It happens. Not everyone is thrilled with the holiday season. For some people, the holidays dredge up bad memories, act as a reminder of broken homes that never healed, and just aren't very merry at all.
If you've ever had reason to feel that way, you know what I'm taking about. There's no need to feel guilty about it. It really does happen more often than you might think.
If you're feeling it right now, here's a list of things I've done in the past to get through my own holiday seasons that played out to be less than cheerful. You don't have to do it all. Pick something and try it out. See what works. And if you can come up with your own list, share them with your friends. We're all in this together.
Here are my ten tips to tackle the holiday blues:
_Send out those greeting cards. Even if you don't feel like it, the act of writing personal notes to your loved ones sends the message that you are loved in return. We all need to feel loved, especially when we're hurting inside.
_Decorate your personal space. It doesn't have to be elaborate, but pull out some of those decorations you have stored away and create a space where you can experience just a little bit of joy in your heart. You deserve that.
_Invite a friend to go out for hot apple cider. No need to stress about doing it yourself at home, when you might not feel like straightening up, so pick a place where you can meet. Pick the friend who makes you laugh the most, and avoid alcohol--it can only add to your down mood.
_Go for a walk, a bike ride, a short run. Get out of the house and exercise. Even if it's cold out, the brisk air will do your heart and mind some good. Get those endorphins working for you and not against you.
_Watch a funny movie. Even if you have to do it by yourself, a funny movie is going to make you laugh, or at least smile. Your heart won't feel as heavy when it ends. Avoid movies that make you cry, unless you might need the release.
_Soak in the tub. When you're in a foul mood, sometimes a nice, hot bath can do wonders for stress relief. If you've been stuffing your feelings, the tub can also be a safe place to let loose the tears.
_Write in a journal. Pouring out your feelings on paper is one of the best ways to unload the crap that might be vegging inside your head. If you think you've been focused on the negative for too long of a time already, then focus solely on writing about the good things you have going for you. Everyone has good things going on in their lives. Sometimes, you just might not be thinking about them. Writing positive thoughts down on paper will remind you of them.
_Call a friend. When you're feeling down, there's no need to be alone. Friends are there to help you in times like these. They may not be able to fix your troubles, but they certainly can listen. All you have to do is ask. And if you don't want them telling you what to do, just say so. Just ask them to listen.
Skip the sugary foods. When you're burdened by depression this time of year (even for good reason), those cookies you were supposed to be leaving for Santa should stay on the plate. You can find something better to munch on to heal your wounds.

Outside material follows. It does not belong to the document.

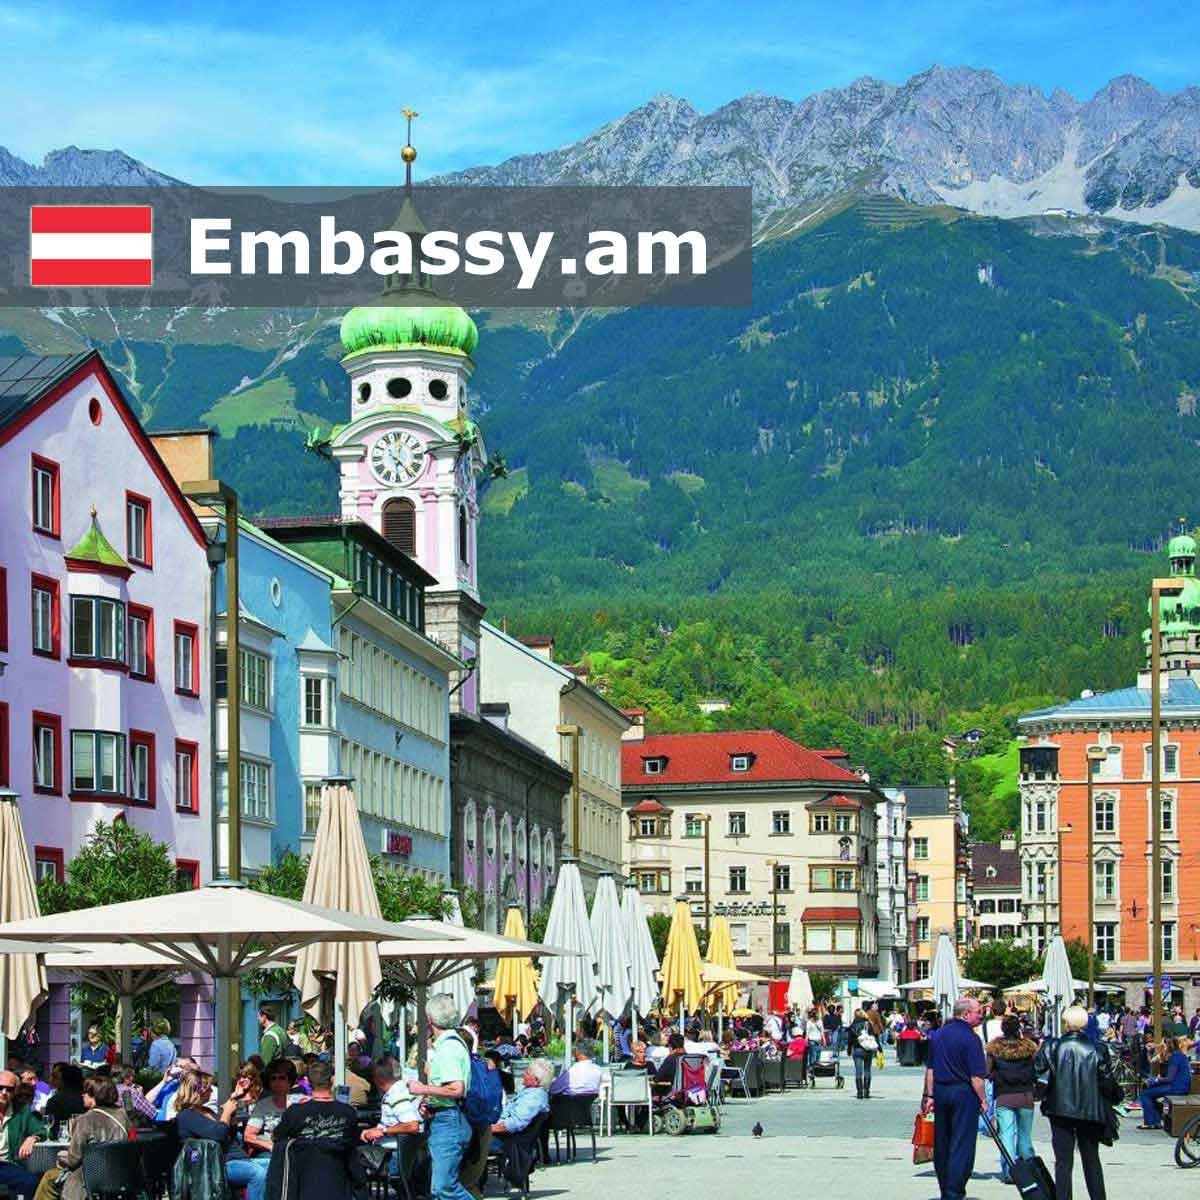 Инсбрук - Отели в Австрии - Embassy.am
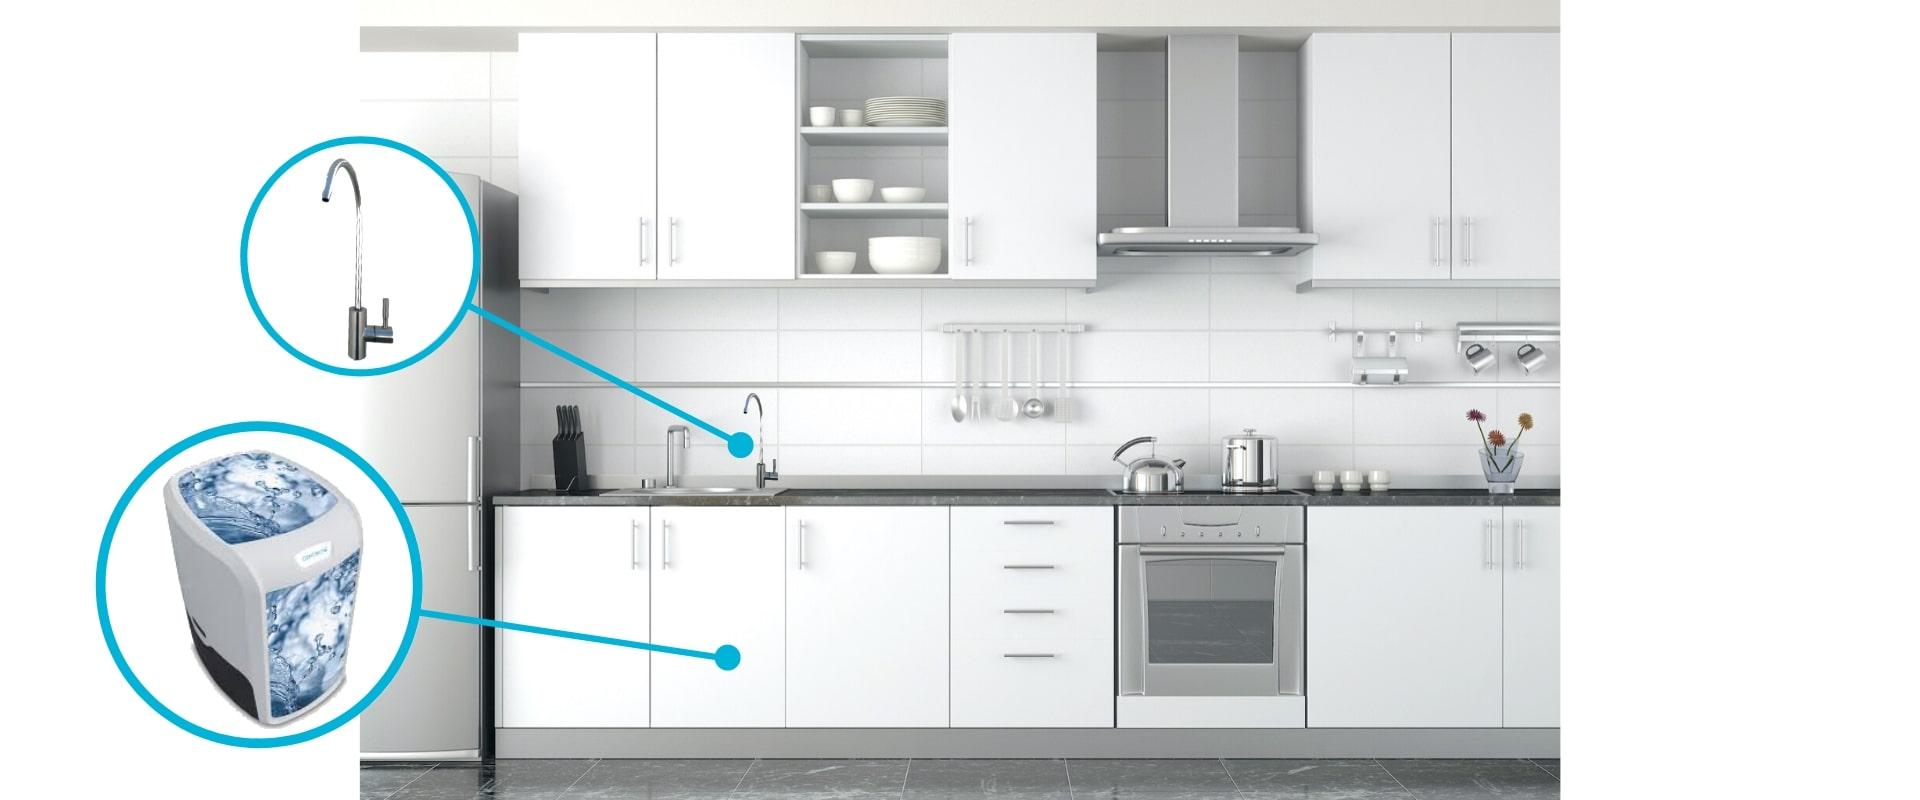 solucoes de aluger de maquinas de filtragem de agua domestica -min

Unless you're good at limiting yourself, celery sticks with peanut butter, an apple, or popcorn without all that butter would be a better choice. It's not because those cookies are full of fat. It's because of the sugar. It can have a depressive effect in the long run. And since we sometimes eat when we're feeling blue, it might be an even better idea to drink a glass of water with lemon, instead.
_Make a pot of tea. The act of making tea is a ceremonial gesture in and of itself. You get to pick the tea, pick a pretty cup to pour it in. It involves the senses. And then, when you sit down to sip it, it's very relaxing. Because it's so hot at first, it takes time. You're going to enjoy these few moments no matter what. Sipping a hot cup of tea is a great way to start your day or end the evening. And it can work wonders on changing a sorry mood.
If none of these ideas work for you, what might? Write it down here and then try it out for yourself. Let us know how you feel. Sharing hurt feelings is one of the best ways to overcome them.
And the holidays really are best experienced with a light heart and a cheerful spirit.